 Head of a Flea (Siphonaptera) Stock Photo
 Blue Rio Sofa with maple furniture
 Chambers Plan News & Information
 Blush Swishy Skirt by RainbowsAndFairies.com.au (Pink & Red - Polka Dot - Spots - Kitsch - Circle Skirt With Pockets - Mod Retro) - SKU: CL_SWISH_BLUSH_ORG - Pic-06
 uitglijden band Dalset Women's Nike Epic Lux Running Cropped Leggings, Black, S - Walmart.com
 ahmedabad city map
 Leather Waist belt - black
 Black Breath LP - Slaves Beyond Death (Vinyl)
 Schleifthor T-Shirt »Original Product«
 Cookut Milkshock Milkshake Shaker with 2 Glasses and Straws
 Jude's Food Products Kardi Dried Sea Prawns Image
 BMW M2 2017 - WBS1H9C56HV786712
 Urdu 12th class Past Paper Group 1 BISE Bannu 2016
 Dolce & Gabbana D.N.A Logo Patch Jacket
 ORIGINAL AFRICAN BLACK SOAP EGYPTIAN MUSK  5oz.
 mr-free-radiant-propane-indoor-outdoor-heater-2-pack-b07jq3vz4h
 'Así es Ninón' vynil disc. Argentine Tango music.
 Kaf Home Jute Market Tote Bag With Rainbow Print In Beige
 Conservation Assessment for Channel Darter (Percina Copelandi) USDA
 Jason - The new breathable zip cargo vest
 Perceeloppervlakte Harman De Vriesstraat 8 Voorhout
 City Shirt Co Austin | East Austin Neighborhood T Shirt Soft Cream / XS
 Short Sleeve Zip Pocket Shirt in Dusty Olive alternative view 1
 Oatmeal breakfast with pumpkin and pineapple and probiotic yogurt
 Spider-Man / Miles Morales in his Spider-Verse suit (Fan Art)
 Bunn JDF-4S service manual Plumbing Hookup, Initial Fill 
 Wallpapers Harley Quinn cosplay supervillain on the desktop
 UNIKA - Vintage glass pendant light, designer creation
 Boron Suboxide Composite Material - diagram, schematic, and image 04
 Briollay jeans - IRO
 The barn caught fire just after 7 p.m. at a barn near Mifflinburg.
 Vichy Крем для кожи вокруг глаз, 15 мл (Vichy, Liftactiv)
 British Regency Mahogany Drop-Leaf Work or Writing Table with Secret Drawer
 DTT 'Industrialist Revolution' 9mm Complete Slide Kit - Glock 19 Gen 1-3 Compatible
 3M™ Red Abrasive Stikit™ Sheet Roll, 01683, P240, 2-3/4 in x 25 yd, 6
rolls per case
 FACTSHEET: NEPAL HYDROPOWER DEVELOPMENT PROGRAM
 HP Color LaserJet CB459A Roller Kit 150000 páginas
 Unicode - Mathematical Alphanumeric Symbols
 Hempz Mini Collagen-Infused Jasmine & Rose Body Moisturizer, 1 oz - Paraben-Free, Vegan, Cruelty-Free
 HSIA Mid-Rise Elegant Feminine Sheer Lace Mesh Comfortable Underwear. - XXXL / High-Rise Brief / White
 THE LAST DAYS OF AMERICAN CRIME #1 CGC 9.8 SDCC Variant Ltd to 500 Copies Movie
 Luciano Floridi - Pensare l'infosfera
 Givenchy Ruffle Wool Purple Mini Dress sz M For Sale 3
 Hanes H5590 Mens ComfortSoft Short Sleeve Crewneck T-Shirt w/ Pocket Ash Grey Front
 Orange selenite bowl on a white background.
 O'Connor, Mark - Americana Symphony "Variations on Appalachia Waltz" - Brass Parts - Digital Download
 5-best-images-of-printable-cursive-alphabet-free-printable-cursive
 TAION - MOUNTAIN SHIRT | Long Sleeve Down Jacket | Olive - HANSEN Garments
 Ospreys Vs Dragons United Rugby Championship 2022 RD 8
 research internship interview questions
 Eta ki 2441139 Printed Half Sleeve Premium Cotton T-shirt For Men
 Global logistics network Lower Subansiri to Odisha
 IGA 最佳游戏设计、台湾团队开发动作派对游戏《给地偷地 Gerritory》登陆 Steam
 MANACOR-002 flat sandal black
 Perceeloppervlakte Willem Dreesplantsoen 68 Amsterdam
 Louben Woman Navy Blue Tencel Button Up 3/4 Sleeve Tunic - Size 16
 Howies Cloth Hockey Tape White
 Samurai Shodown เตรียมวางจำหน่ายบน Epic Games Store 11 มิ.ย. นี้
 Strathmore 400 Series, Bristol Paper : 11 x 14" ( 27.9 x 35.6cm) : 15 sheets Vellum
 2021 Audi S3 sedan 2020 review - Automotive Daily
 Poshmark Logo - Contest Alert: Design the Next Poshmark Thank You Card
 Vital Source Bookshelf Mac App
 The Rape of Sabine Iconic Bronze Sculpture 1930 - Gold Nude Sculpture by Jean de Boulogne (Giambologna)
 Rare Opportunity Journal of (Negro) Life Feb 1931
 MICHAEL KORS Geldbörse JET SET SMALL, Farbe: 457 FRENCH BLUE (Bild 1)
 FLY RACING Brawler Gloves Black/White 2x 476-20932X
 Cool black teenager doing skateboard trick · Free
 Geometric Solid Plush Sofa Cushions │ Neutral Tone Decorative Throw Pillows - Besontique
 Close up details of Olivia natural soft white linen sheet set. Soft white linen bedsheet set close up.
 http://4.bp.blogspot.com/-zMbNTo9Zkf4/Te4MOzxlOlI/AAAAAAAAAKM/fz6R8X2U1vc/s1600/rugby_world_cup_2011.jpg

···

ASSIGNMENT: Transcribe the records above from the line holding "THE LAST DAYS" down to the line holding "Ospreys Vs Dragons", inclusive, without adding anything.

RESULT:
 THE LAST DAYS OF AMERICAN CRIME #1 CGC 9.8 SDCC Variant Ltd to 500 Copies Movie
 Luciano Floridi - Pensare l'infosfera
 Givenchy Ruffle Wool Purple Mini Dress sz M For Sale 3
 Hanes H5590 Mens ComfortSoft Short Sleeve Crewneck T-Shirt w/ Pocket Ash Grey Front
 Orange selenite bowl on a white background.
 O'Connor, Mark - Americana Symphony "Variations on Appalachia Waltz" - Brass Parts - Digital Download
 5-best-images-of-printable-cursive-alphabet-free-printable-cursive
 TAION - MOUNTAIN SHIRT | Long Sleeve Down Jacket | Olive - HANSEN Garments
 Ospreys Vs Dragons United Rugby Championship 2022 RD 8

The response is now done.